If you're sculpting with the Multiresolution modifier and you have a high level of subdivisions, it can be taxing on your computer, using a lot of memory to store all those additional vertices. If you use too many levels of subdivision, your computer may run out of memory, and Blender may lock up or crash. This can also happen if you're sculpting with dyntopo and add a lot of fine details to your sculpt. In an effort to prevent a crash and give themselves more vertices to play with, many 3D sculptors in Blender often go to the User Preferences under Editing to disable Global Undo and change the number of undo steps from the default value of 32 down to 0. This modification removes the safety net of undo, but it can often significantly improve Blender's performance while sculpting.

Understanding the basics of retopology

When it comes to doing retopo, Blender doesn't really have much in the way of dedicated tools built into it. A few very useful add-ons, such as Contours and Polystrips (or their bundled combination, RetopoFlow), have been created by third-party developers to help with the retopo process, but they don't ship with Blender by default. That said, if you find that sculpting and modeling are your favorite aspects of 3D computer graphics, you'll be going through the retopo process a lot. In that situation, I recommend that you investigate and ultimately purchase those add-ons. But it's still worthwhile to know what Blender can do on its own as well. Retopo add-ons can get you part of the way there, but most of the time, you still need to finish with Blender's native tools.

So if there aren't any dedicated retopo tools in Blender, exactly how do you retopologize your mesh? The answer is deceptively simple. You combine Blender's native modeling tools with clever use of snapping (see Chapter 3 for a more thorough overview of snapping). There are some shortcuts, such as trying to use the Shrinkwrap modifier to snap the vertices of a clean topology mesh to the surface of your sculpt. However, when it comes down to it, you're really going to need to do point-for-point modeling.
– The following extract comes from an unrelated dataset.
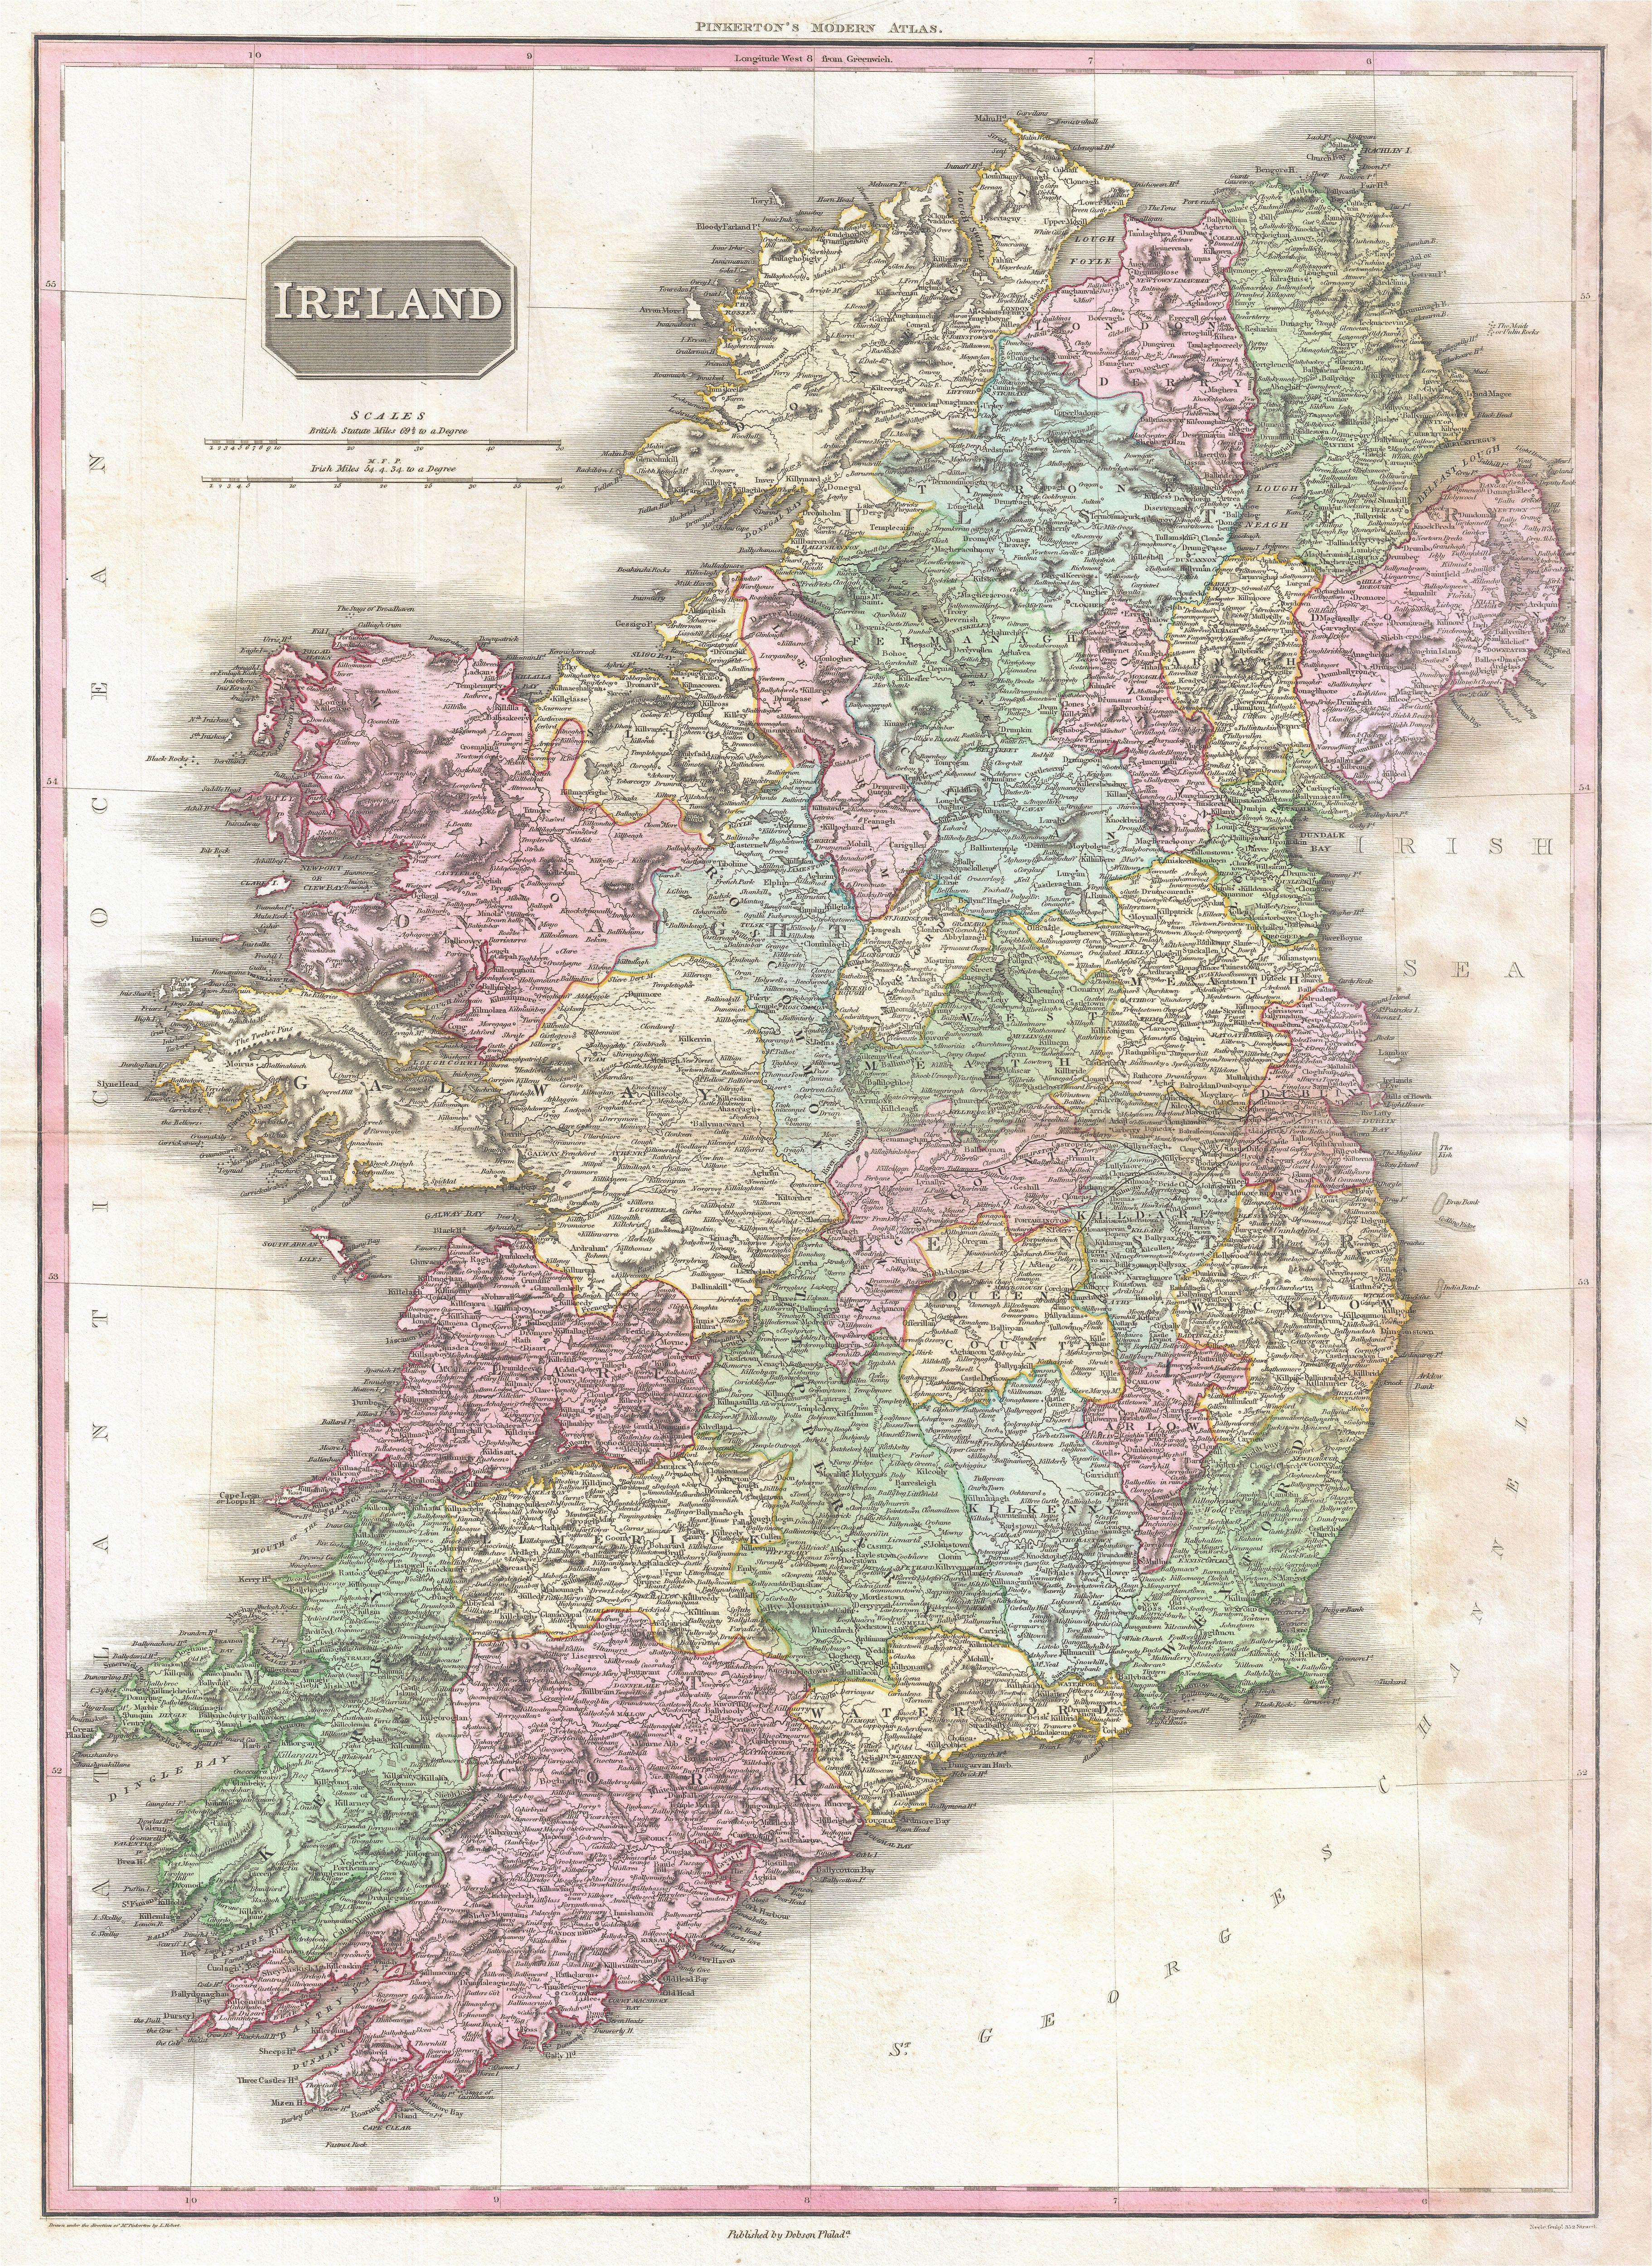 Ireland History In Maps File 1818 Pinkerton Map Of Ireland Geographicus Ireland

Once you finish your 3D sculpt, use the following steps as the basic process for retopologizing:

1. From Object mode, create a new mesh (Shift+A⇒Mesh⇒Plane).

In this example, I'm using a plane, but it could be any mesh, as you'll see in the next step. In fact, some modelers use an add-on that creates a zero-vertex mesh object for exactly this kind of thing.
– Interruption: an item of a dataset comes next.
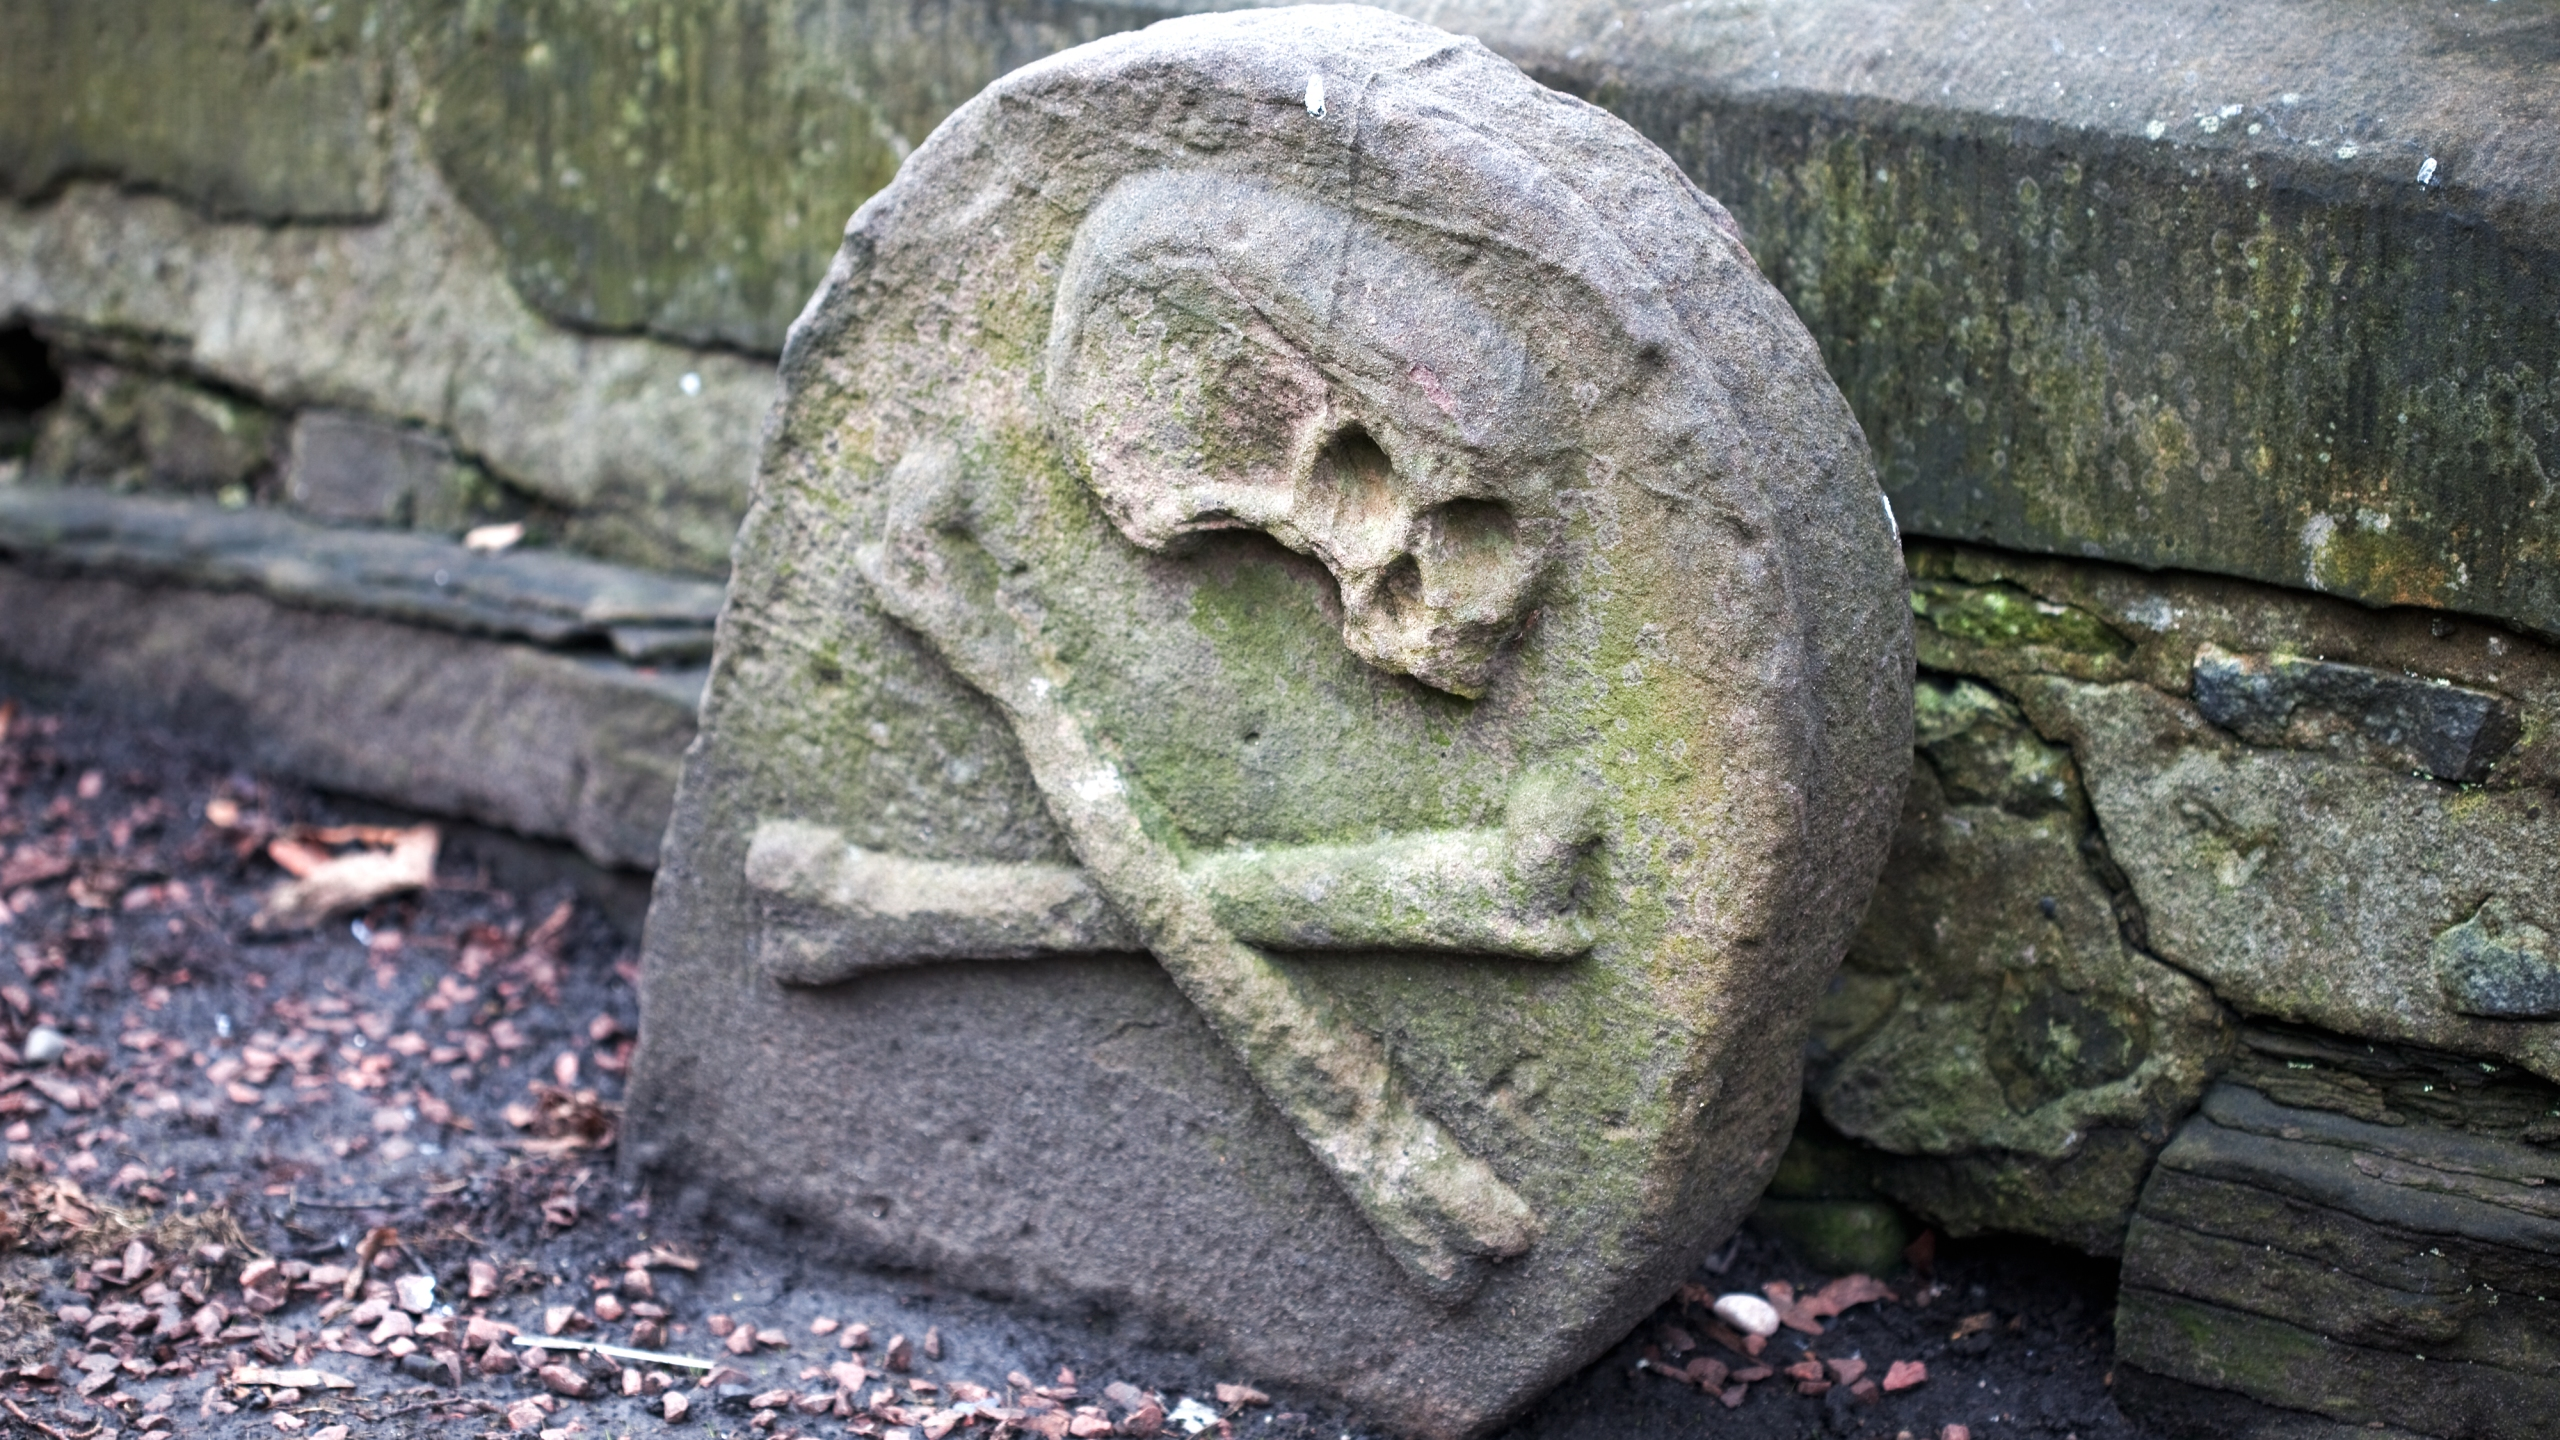 Grave of Black Death victim, Greyfriars cemetery, Edinburgh. (Getty Images)

2. Rename your new mesh object to something that makes sense.

It could be something like Character.retopo, for example, as long as it's anything other than the primitive mesh's name.

3. Tab into Edit mode on your new mesh.

4. Select all of the vertices in this new mesh and delete them.

Now you have a mesh object with no data inside.

5. Enable snapping (Shift+Tab or left-click the button with the magnet icon in the 3D View's header).

Also, make sure that the Snap Element drop-down menu is set to use face snapping. This step is important; it's what makes the rest of the retopo process possible.

6. Ctrl+left-click on the surface of your 3D sculpt.

This creates the first vertex of your retopo mesh. By enabling face snapping, your new vertex should be located right on the surface of your sculpt mesh.

7. Extruding from that first vertex (Ctrl+left-click or E), use point-to-point modeling techniques to lay out the vertices of your retopo'd mesh.

As you work, keep in mind the basic guidelines outlined in the sidebar in this chapter,“The importance of good topology”. This step comprises the somewhat tedious and time-consuming process of retopologizing your mesh. However, when you've already made your sculpt, you have a clear plan that shows what your final mesh should look like. At this point, you're basically playing “connect the dots” on the surface of your 3D sculpt. Once you get up to speed, this is a much more effective way of modeling than traditional box modeling or point-to-point modeling methods.

Figure 5-19 shows a mesh sculpted using dyntopo and that same model after it's been retopo'd.

Figure 5-19: On the left, a model sculpted with dyntopo; on the right is the same model after being retopologized.